Here is a short analysis of the patterns of human activity taken from a personal activity monitor, or “wearable,” worn by an anonymous individual over the span of two months. From October through November 2012, the monitor recorded data in 5-minute intervals. Full disclosure, this was a neat little assignment from the Coursera class called “Reproducible Research.” I’m assuming it’s ok to post, since this is already on my github (including the data if you are interested) here, but if you’re working on this assignment some time in a future course offering, please don’t use this as your own homework.
First things first, let’s load the activity data into R as a data frame and look at it.
Cool, so we have three variables to work with. Let’s convert the date variable from a factor to a date type.
I’ll want to look at the total steps taken per day, so let’s make a new data frame for total daily steps to make it easier.
What is the average number of steps taken per day?
Let’s make a simple histogram of the total number of steps taken each day.
Now we’ll calculate the mean and median total steps per day.
The mean number of daily steps is 10766, and the median number of daily steps is 10765.
What does the average daily activity pattern look like?
Let’s manipulate the activity data frame a little so that it is easier to work with.
Now we’ll make a time series plot of the 5-minute interval (x-axis) and the average number of steps taken, averaged across all days (y-axis).
Looks like this person does a lot of running around in the morning getting ready before work.
Which 5-minute interval contains the maximum number of steps?
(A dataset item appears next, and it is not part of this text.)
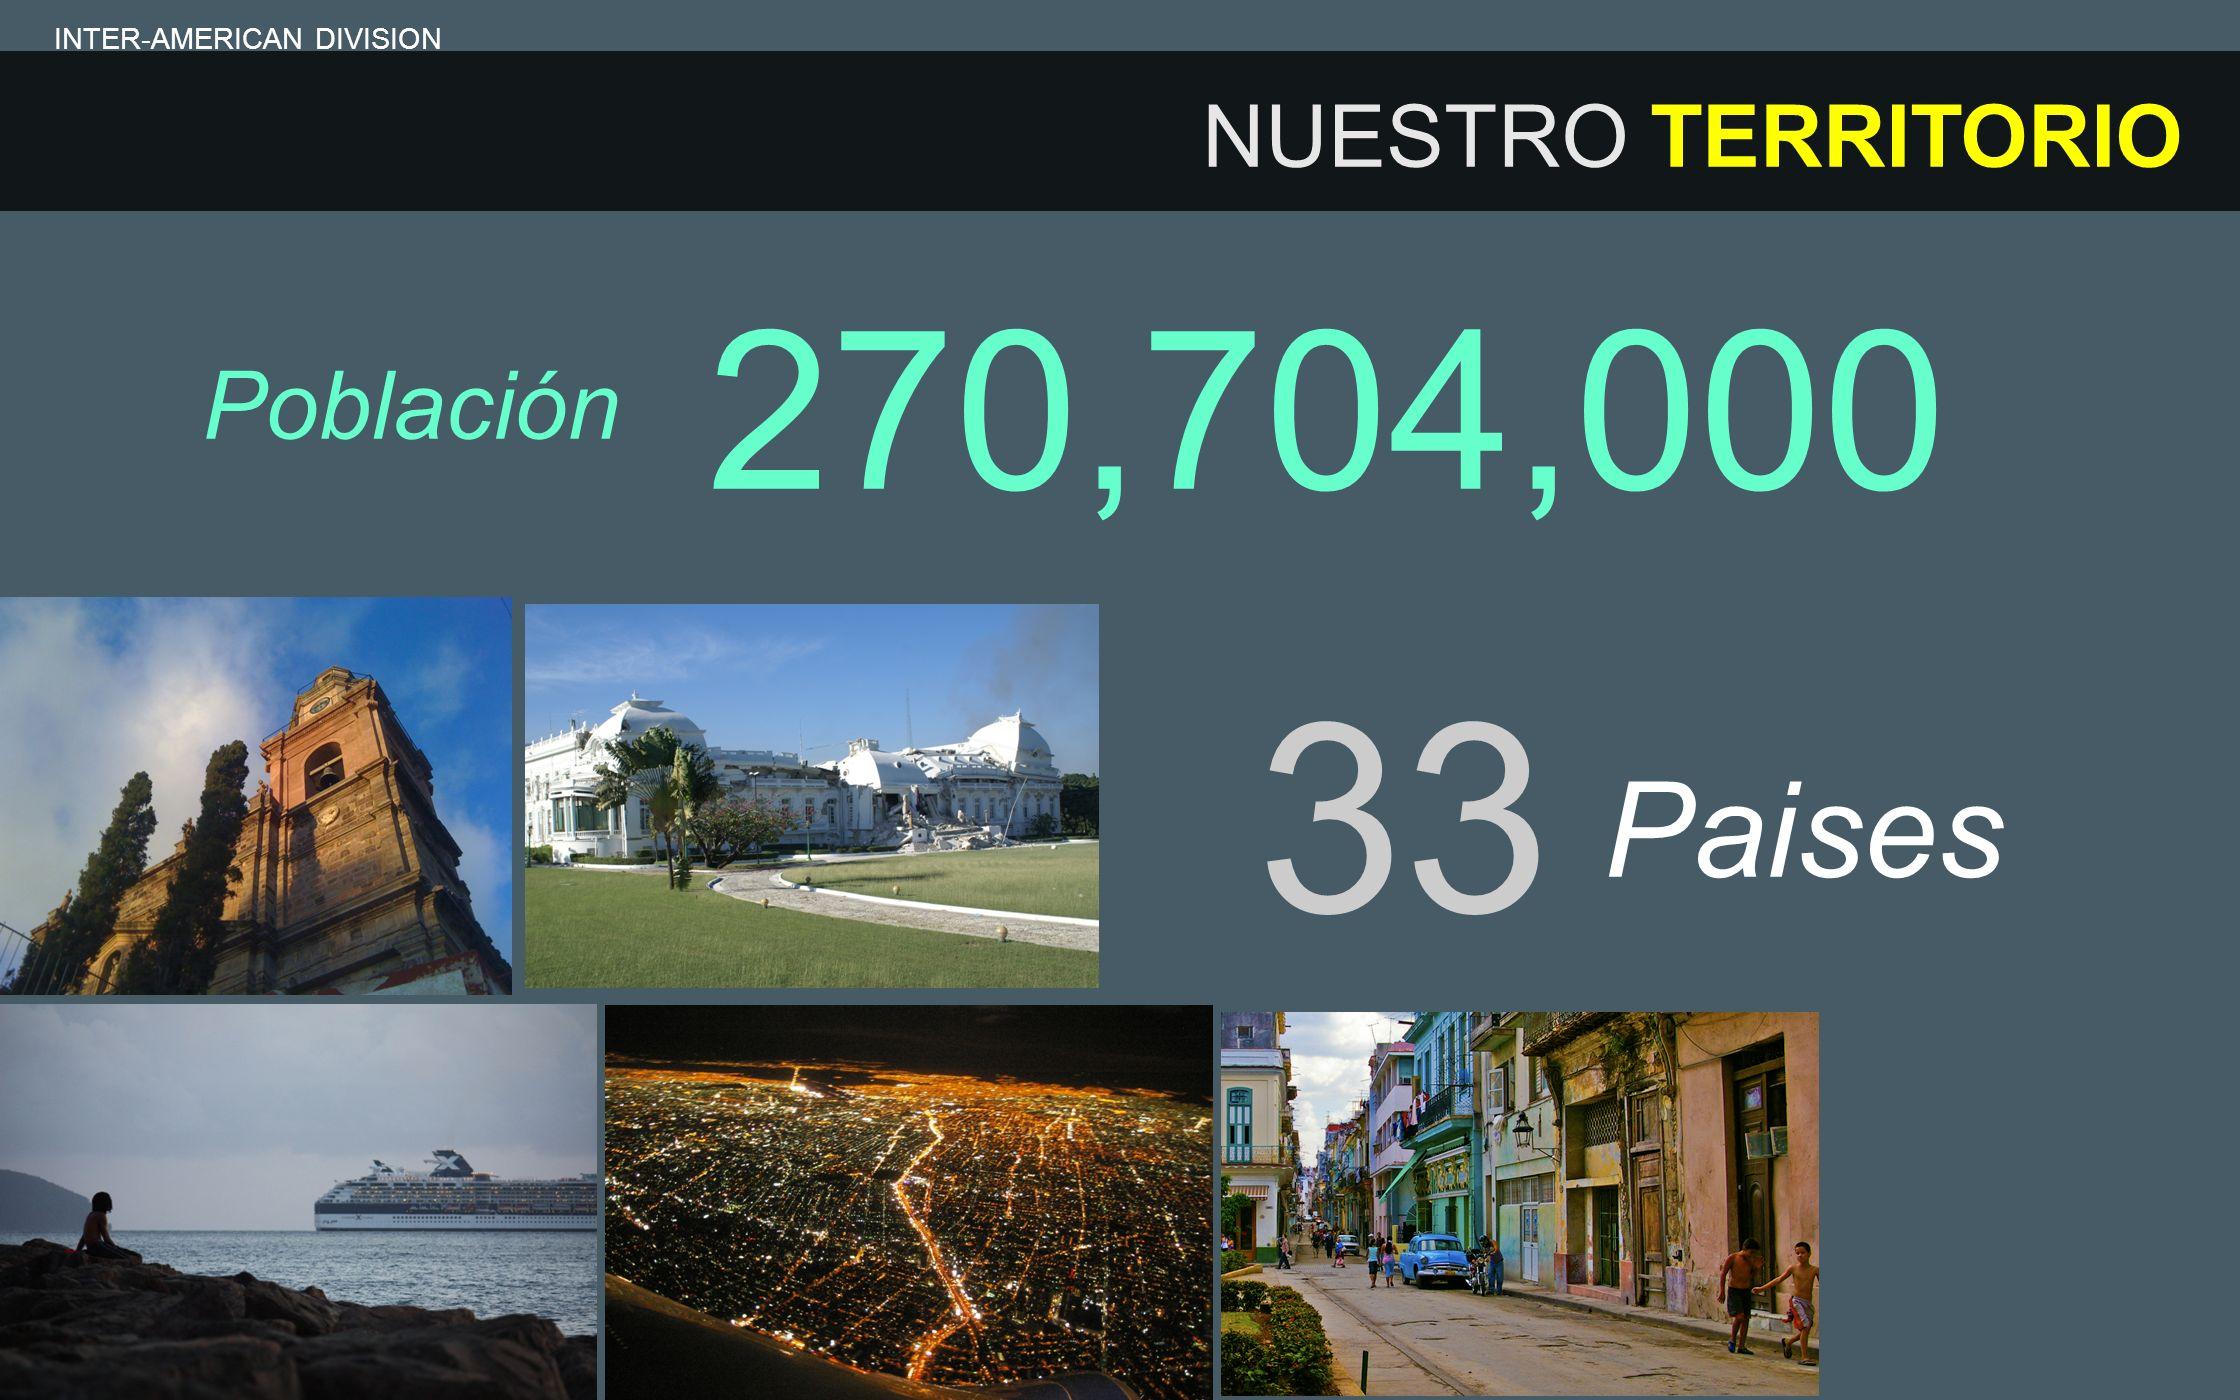 33 270,704,000 Paises Población NUESTRO TERRITORIO

The interval number 835 contains the maximum number of steps. That looks consistent with our plot.
Imputing missing values
Until now, we just ignored missing values in the data. Let’s try to fill them in with a reasonable guess. First, find the total number of missing values in the dataset.
The steps variable is the only variable with missing values. There are 2304 missing values in the dataset.
Let’s devise a strategy to replace missing values. I will replace the missing values with the average for that interval, since the pattern varies significantly over the course of a day. First, let’s merge the daily pattern data frame with the activity data frame.
Now create a new dataset equal to the original but with the missing data filled in.
Let’s look at a histogram of the total number of steps taken each day and calculate the mean and median total number of steps taken per day with this new imputed data to compare with the original. First I will make a new data frame again for the total daily steps.
Now make the histogram.
Now the mean and median total steps are 9371 and 10395, respectively. Imputing missing data has changed these estimates, and in this case, lowers both the mean and median, with a more significant effect on the mean.
Are there differences in activity patterns between weekdays and weekends?
To look at this, first we’ll create a new factor variable in the dataset with two levels “weekday” and “weekend”
Now let’s look at a panel plot containing a time series plot of the 5-minute interval (x-axis) and the average number of steps taken, averaged across all weekday days or weekend days (y-axis).
Yep, it does look like there are differences in activity patterns between weekdays and weekends. During weekdays, there is a peak in activity early in the day (maybe when this guy is getting ready for work or walking to work) and then little activity the rest of the day. During weekends, the activity is consistently slightly higher over the day, but without the peak seen on weekdays.
That was fun! What else could we look at with these data?